I used to do it quite a lot. Pee up closes and against the side of the bus at football matches. But it has to be a lot classier. Cause Solene is really Anne Hathaway. It needs to be something better than that. You can’t just have Anne Hathaway peeing outside, or at all, if possible, because stars like that don’t usually pee.

Solene/Anne Hathaway has to have a trailer. You know, like on film sets. But this isn’t a film set. Although it is a film set, because it is an Amazon film. But a pretend of a pretend film set in which Solene needs to...you know, go—and she’s also escaping from the attention of an elderly woman fan of August Moon. It’s a bit embarrassing, because that’s the band Solene’s sixteen-year-old daughter liked when she was a wee girl. A bit like Take That or One Direction. Cheesy.

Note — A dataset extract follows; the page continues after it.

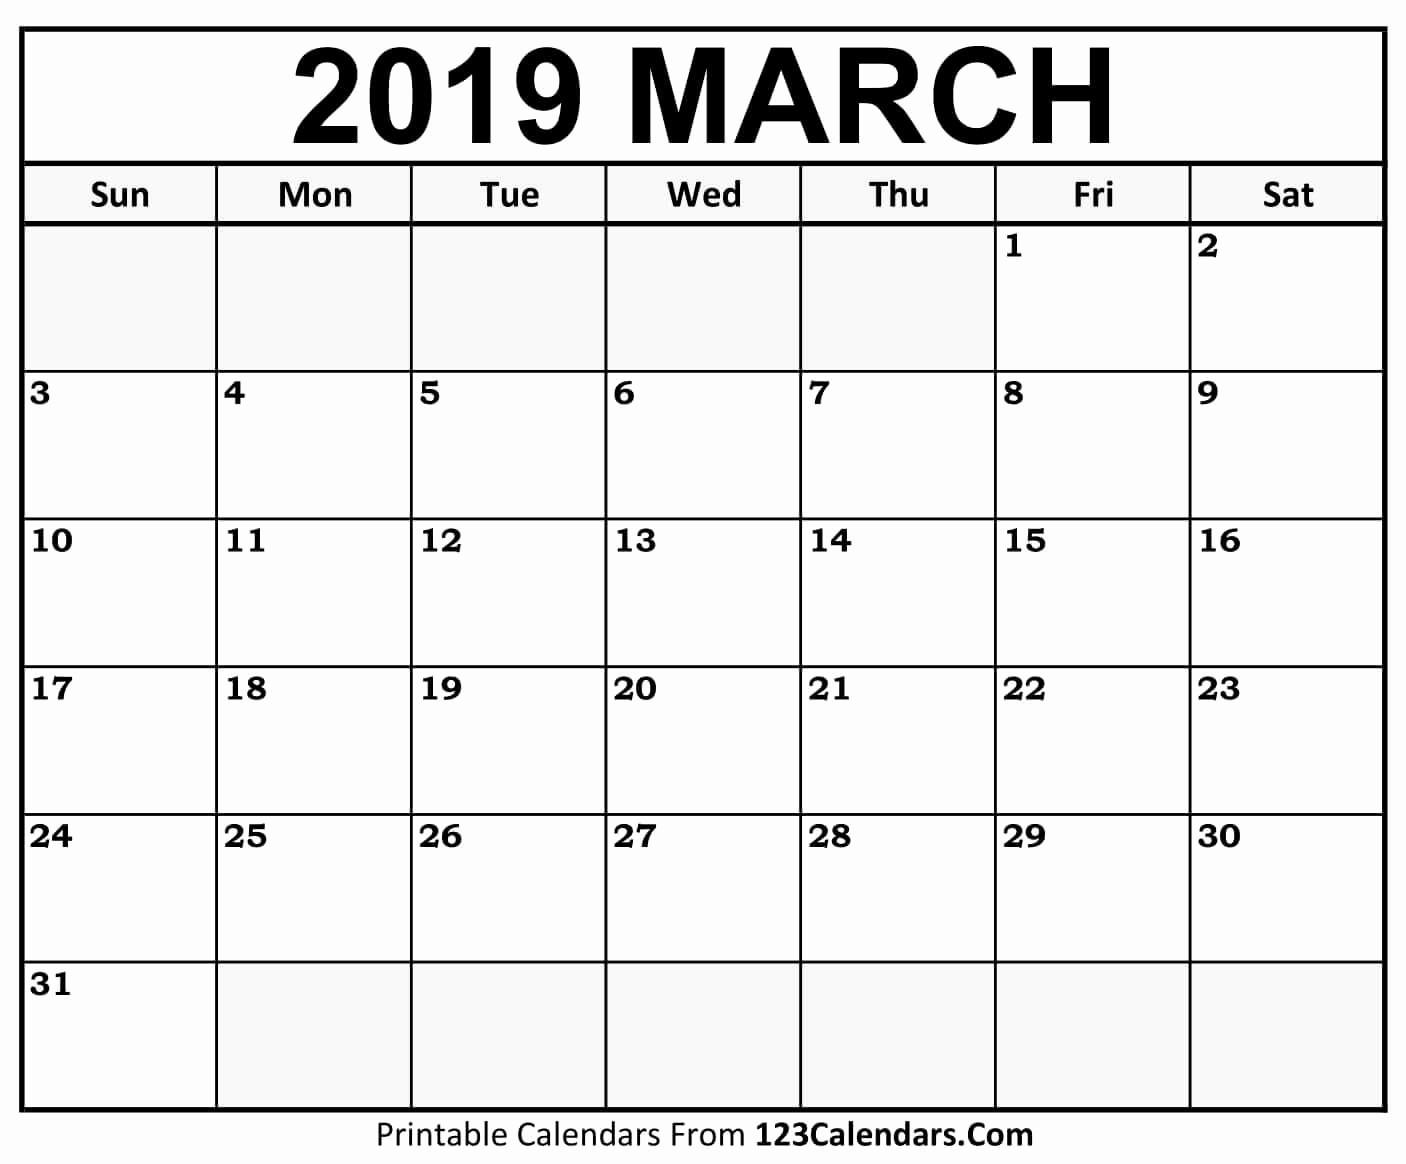 Printable Calendar 2018 and 2019 Unique Printable March 2018 Calendar Templates 123calendars
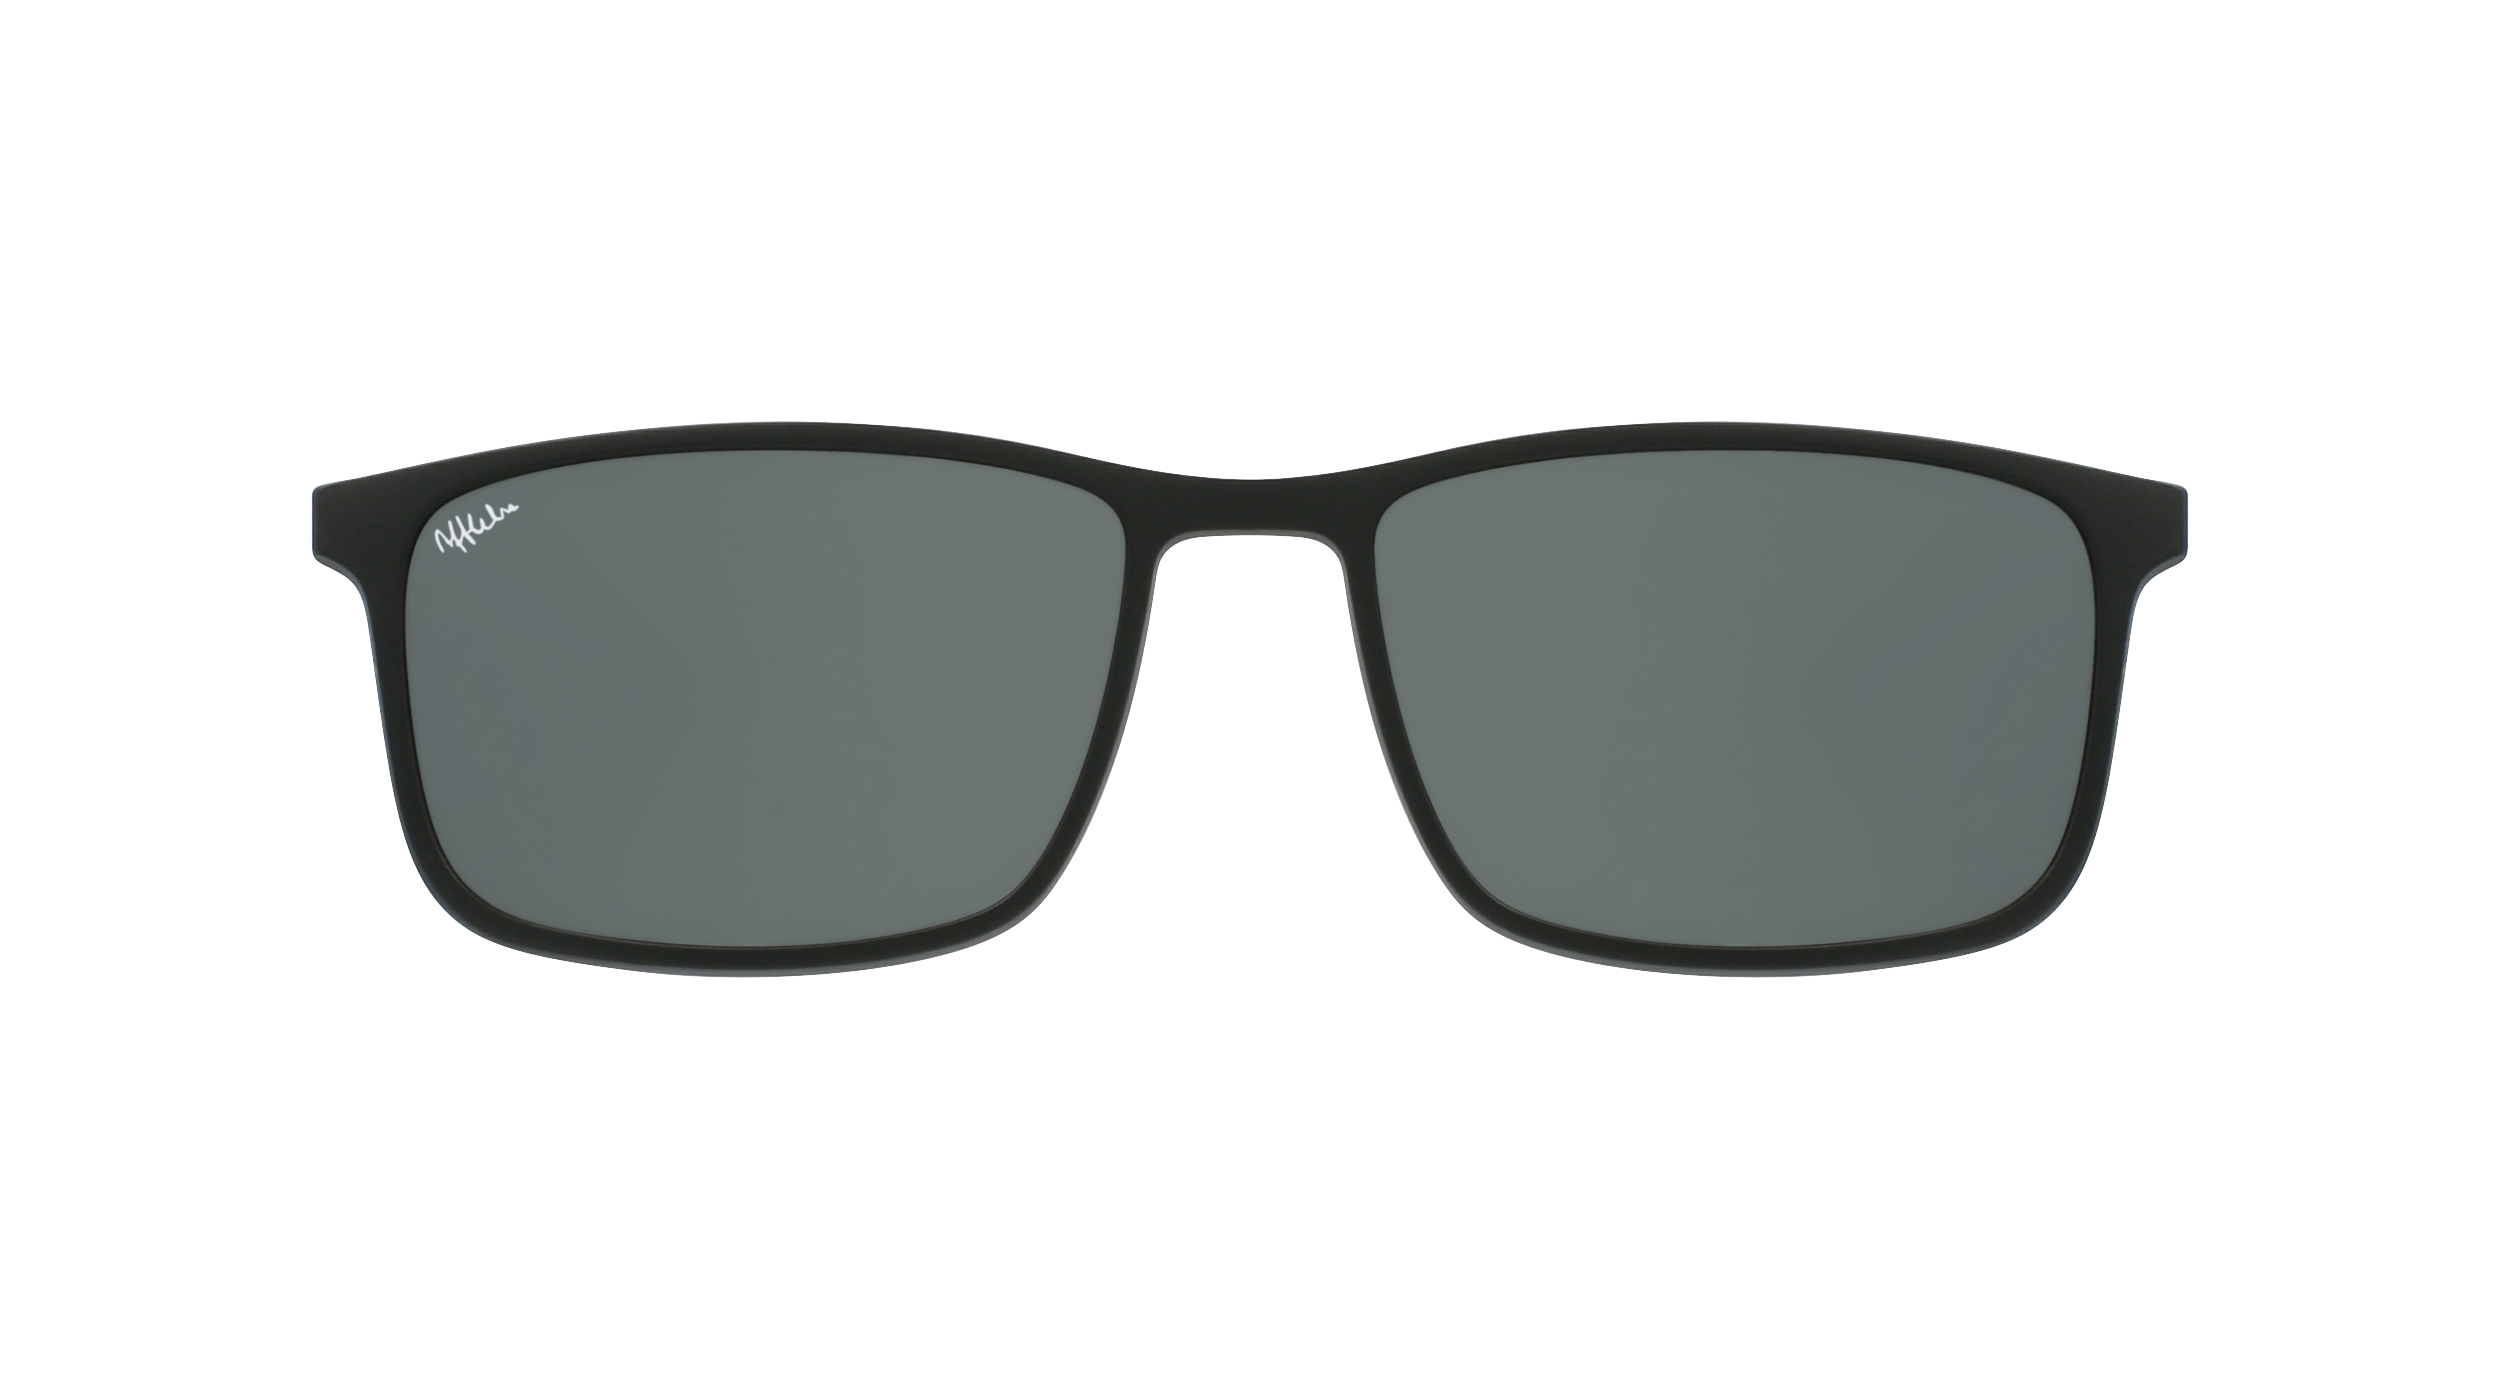 afflelou/france/products/smart_clip/clips_glasses/07630036458662.png

Solene gets to use the VIP toilets because her ex-husband is the kind of douche-bag that’s always letting their daughter down and blaming someone else. He seems pretty wealthy. As do everyone in the film. Solene works in an art gallery. They live in a lovely but modest five-bedroom house and the only thing missing is a dog and a husband that really appreciated her. But she’s got lots of supportive friends and Solene is still Anne Hathaway. That’s got to be good. Right?

Meet-cute.

The VIP toilet is full of VIPs. Or one VIPeeing. Hayes Campbell (Nicholas Galitzine) is one of the lead singers in the boy band. He’s the English one. The handsome one. Well, Solene certainly thinks so. He explains it’s not really a public toilet, but his personal trailer (we’ve already covered that aspect—we don’t need a trailer).

So they fall in love over a pee.

Plot. Boy meets girl. Boy loses girl. Boy meets girl again (and they live happily ever after).

Will he, will he, will he, won’t he? Oh no!

There are a couple of problems with Solene/Anne Hathaway being totally gorgeous and having sex without having sex. So we get the wave scenes and tumbling waters and lots of handholding and smouldering kisses.

But then she’s really old(er). So we’ve got to see her being the everyday type of girl that works in the library, but when she takes her specs off (or puts them on) becomes a sex goddess that doesn’t have sex. Think about that scene in A Wonderful Life, when after James Stewart has jumped from the bridge and Clarence the angel has given him his wish that he never be born. His wife is no longer his wife. You guessed it. She’s a librarian. You guessed it. Unmarried. Wears specs.

Solene doesn’t want to go to the pool. The other band members’ girlfriends are there. They’re so much younger. So she puts on a hat and wraps herself in a long gown. But she’s still Anne Hathaway, the prettiest girl poolside with the best body (we seen the waves moving).

Boy loses girl.

Girl loses boy.

Reconciliation. Romance.

It happens Rod Stewart and Britt Ekland. She’s the wow factor. And if Rod the Mod didn’t have a little nibble at Susan George and a jet plane of other younger girls, who knows what would have happened?

Ageing is like sex. You don’t want to show too much onscreen. Solene/ Anne Hathaway has to remain the same gorgeous person, but have to get used to having a different hair-do. So when her much younger love turns up on her doorstep with metaphorical roses, he recognises her.

Imagine what would have happened if she was a wee fatty? Or he was a wee baldy. Dream on. It’s Anne Hathaway. Different, but the same Solene. Maybe, put that thought on hold.